3) A script that follows the <script> tag may be written as comment surrounded by
 <!--
// -->
and there may be no default embedding for the comment so the parser must request
explicit embedding creation for the comment token.


Requirements:
1) API method must be added to TokenSequence for custom embedding creation.

2) Notification model must be extended so that clients (e.g. syntax coloring)
may notice creation of new embedding.

3) Clients must also listen for the case when a new token eligible for custom
embedding gets created. Also if the token with custom embedding becomes damaged
by user's typing then the custom embedding will be lost so the clients must
recreate it.

4) If more than one embedding exist for a single token the one of the embeddings
must be used for syntax coloring purposes. As there is not yet a usecase where
there would be more than one custom embeddings the solution can be that the
syntax coloring will use custom embedding if one exists otherwise it will use
default embedding.

Comment 1 Miloslav Metelka 2006-11-28 14:41:47 UTC

The following attached diff contains implementation of this request. There are
the following changes:
1. Extracted TokenHierarchyEvent.Type inner enum into TokenHierarchyEventType
top-level enum for better readability.

2. Adding TokenSequence.createEmbedding() method was added for creation of a
custom embedding.

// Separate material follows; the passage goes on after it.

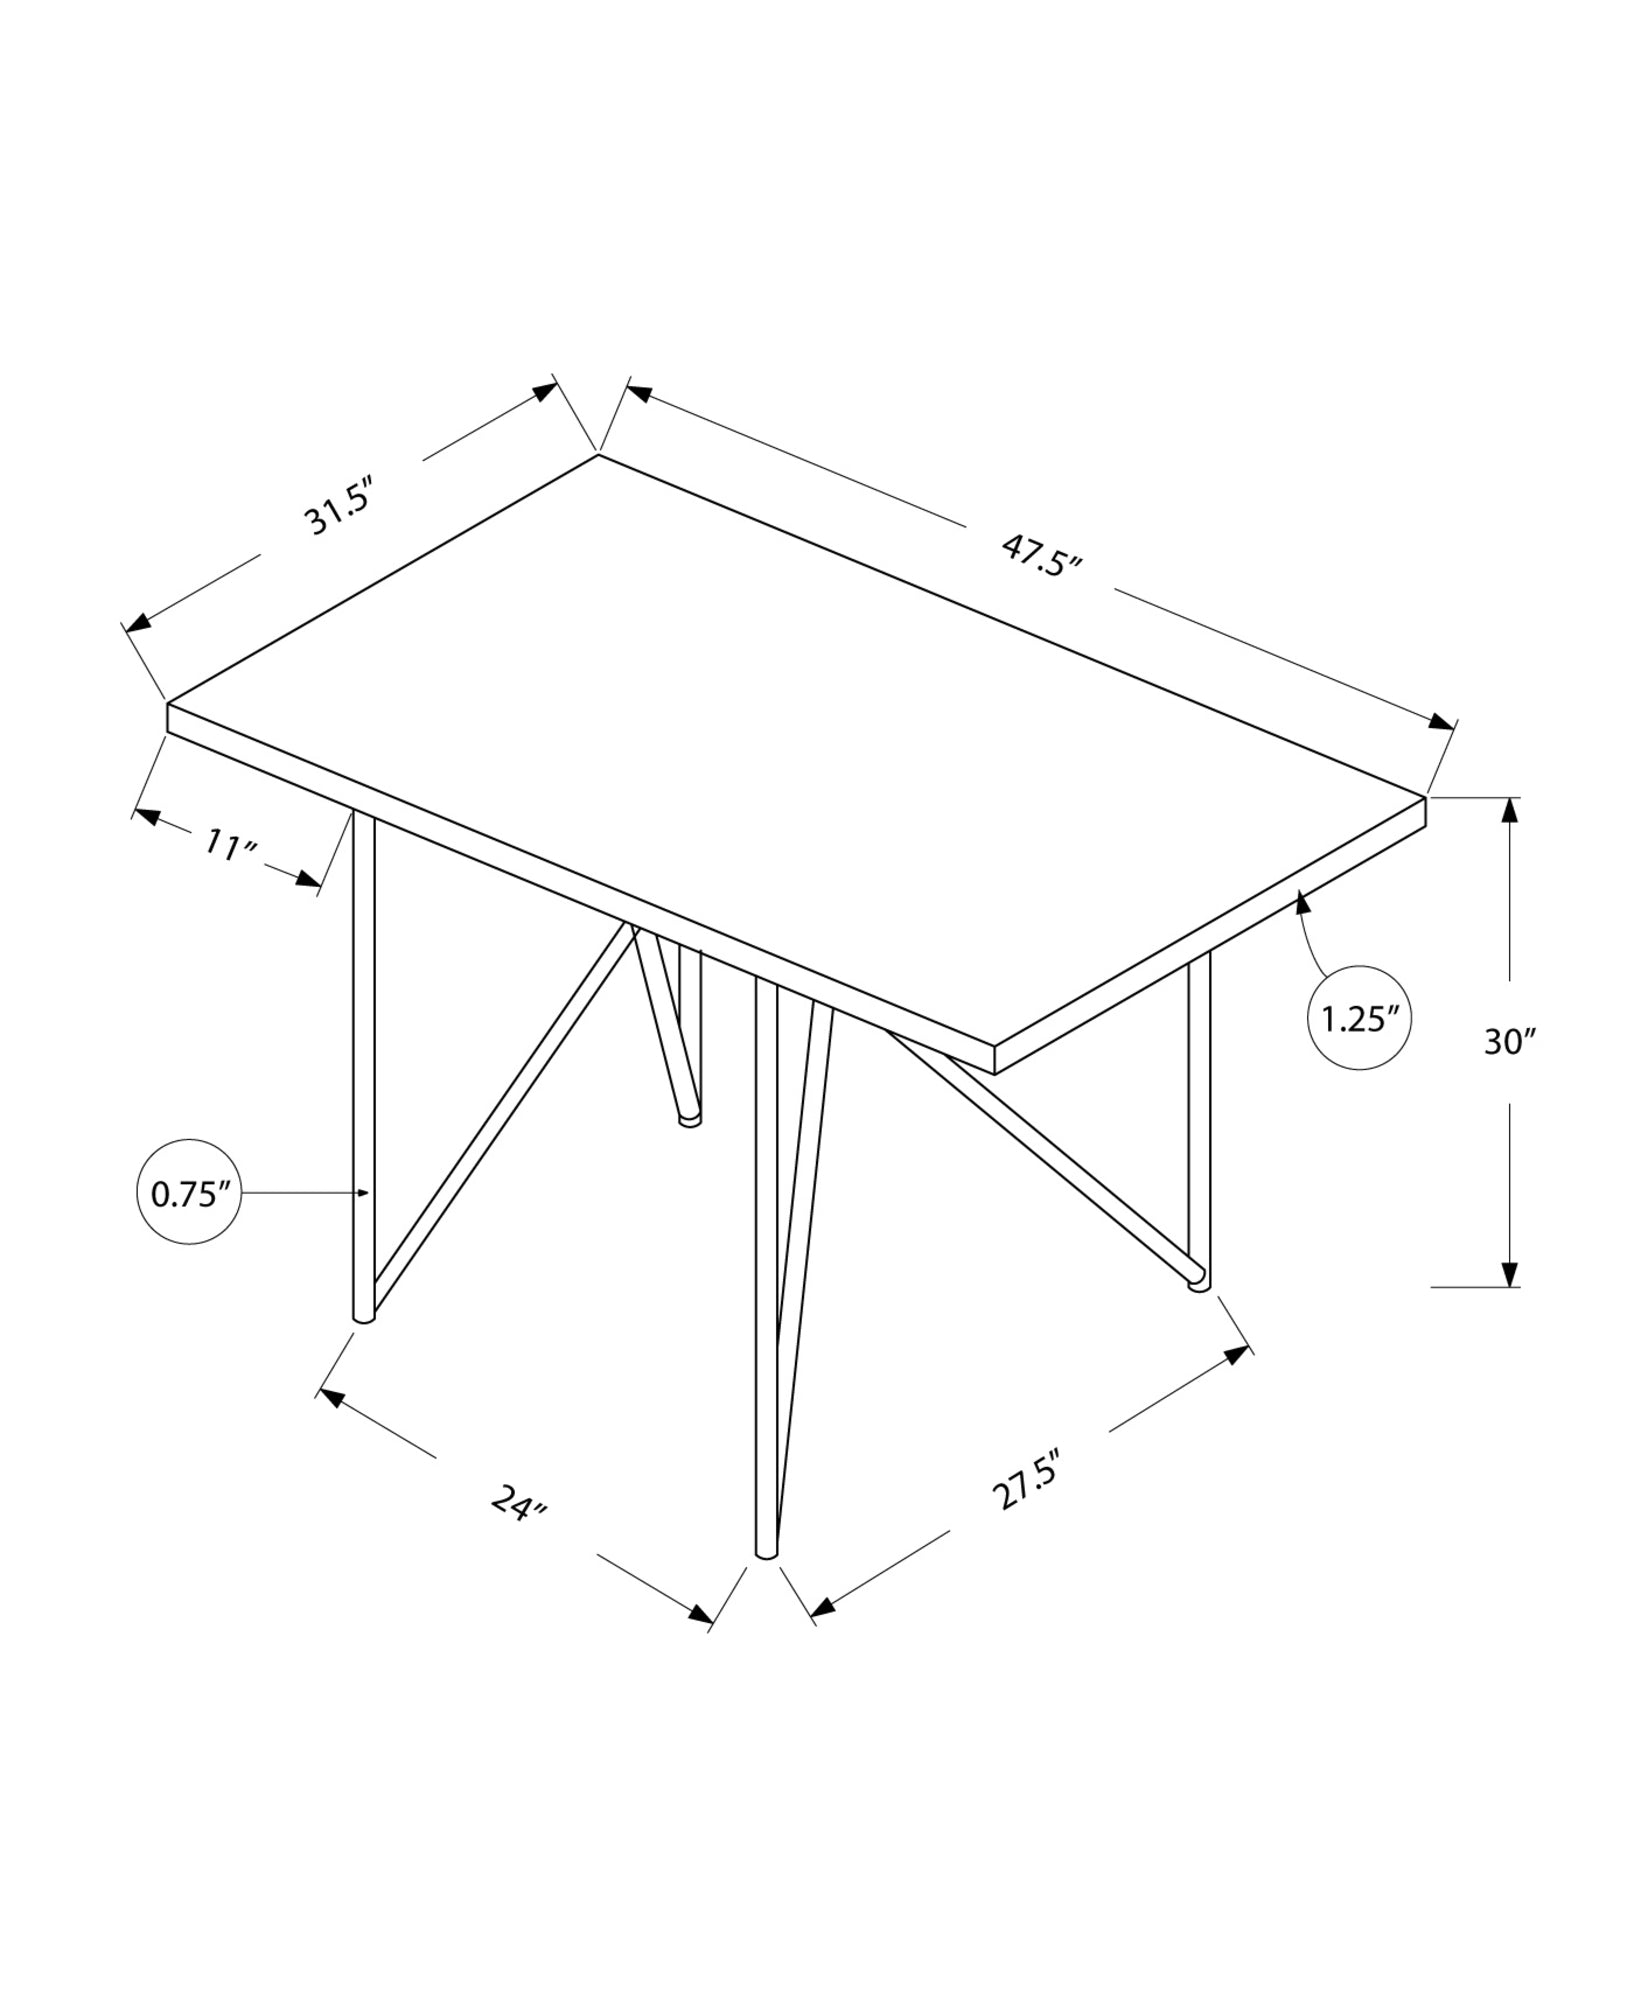 MN-211039    Dining Table, 48" Rectangular, Metal, Kitchen, Dining Room, Metal Base, Laminate, Dark Brown, Chrome, Contemporary, Modern
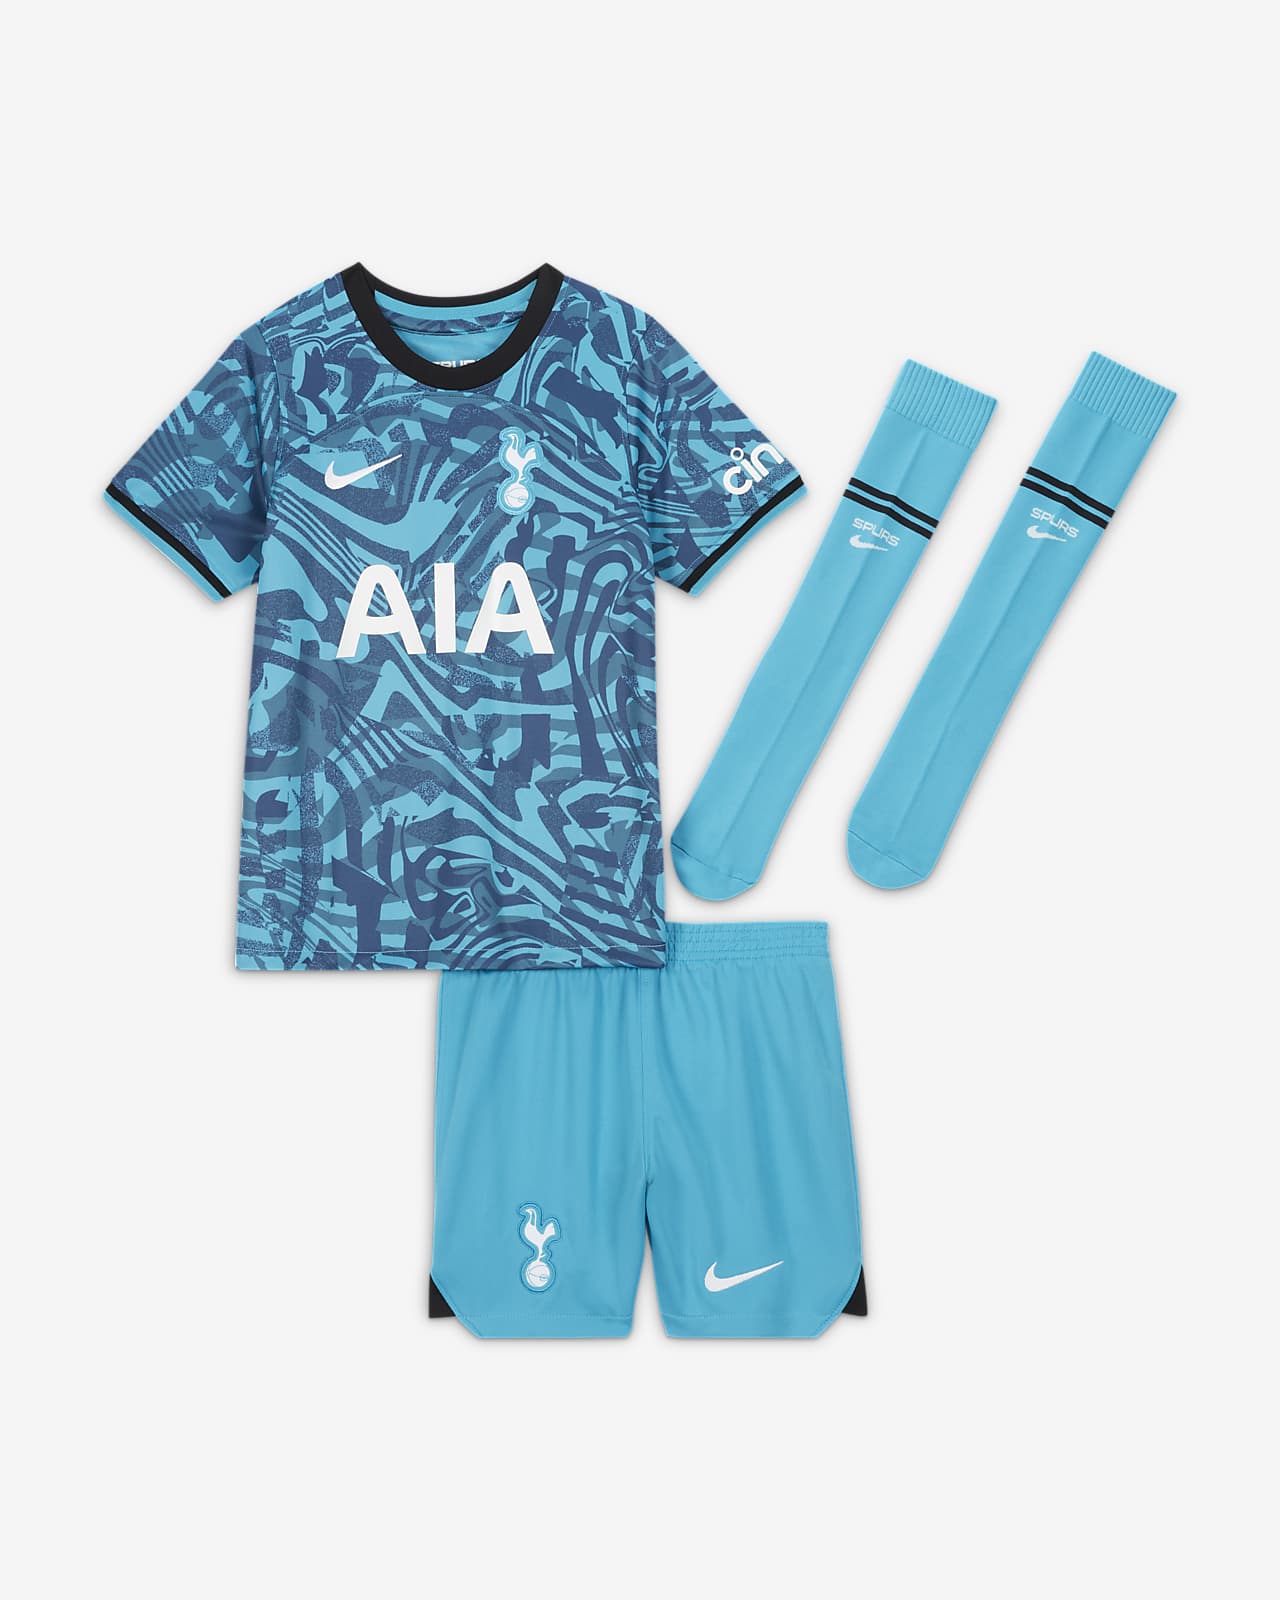 Tottenham Hotspur 2022/23 Third Younger Kids' Nike Football Kit

New TokenHierarchyEventType.EMBEDDING value fired after the
custom embedding creation.

3. Affected offset area information affectedStartOffset() and
affectedEndOffset() extracted from TokenChange to TokenHierarchyEvent because
it's more useful and clear for the clients of these methods - e.g. the syntax
coloring will just query these offsets without digging into the (possibly
embedded) token change(s).

4. Removed tokenComplete parameter from LanguageHierarchy.embedding() because
it's currently unused and the token incompletness will be handled in a different
way in the future (see also issue 87014).

5. Swapped order of <code>token</code> and languagePath parameters in
LanguageProvider to be in sync with LanguageHierarchy.embedding().

6. LanguageEmbedding is now a final class (instead of abstract class) with
private constructor and static create() method. That allows better control over
the evolution of the class and it also allows to cache the created embeddings to
save memory.

7. LanguageEmbedding is now generified with the LanguageEmbedding<T extends
TokenId> which is a generification of the language which it contains.

8. TokenHierarchy.languagePaths() set contains all language paths used in the
particular token hierarchy. TokenHierarchyEventType.LANGUAGE_PATHS is          
 fired after change of the language paths set.

Comment 2 Miloslav Metelka 2006-11-28 14:42:36 UTC

Created attachment 36320 [details]
Diff of the change

Comment 3 Miloslav Metelka 2006-11-28 15:21:08 UTC

Marking for fasttrack review.

Comment 4 Jesse Glick 2006-11-28 22:34:18 UTC

BTW "diff -u" is generally more readable than "diff -c", especially in an
enormous patch like this one. Easiest to append "diff -u" to your ~/.cvsrc file.

Comment 5 Miloslav Metelka 2006-12-04 15:51:19 UTC

Created attachment 36454 [details]
List of committed files

Comment 6 Miloslav Metelka 2006-12-04 15:52:09 UTC

Committed into trunk.

Comment 7 Jesse Glick 2006-12-04 17:05:25 UTC

Uh, did you mean M6?

Comment 8 Miloslav Metelka 2006-12-04 19:39:53 UTC

Sorry, I've meant M6. Thanks, Jesse.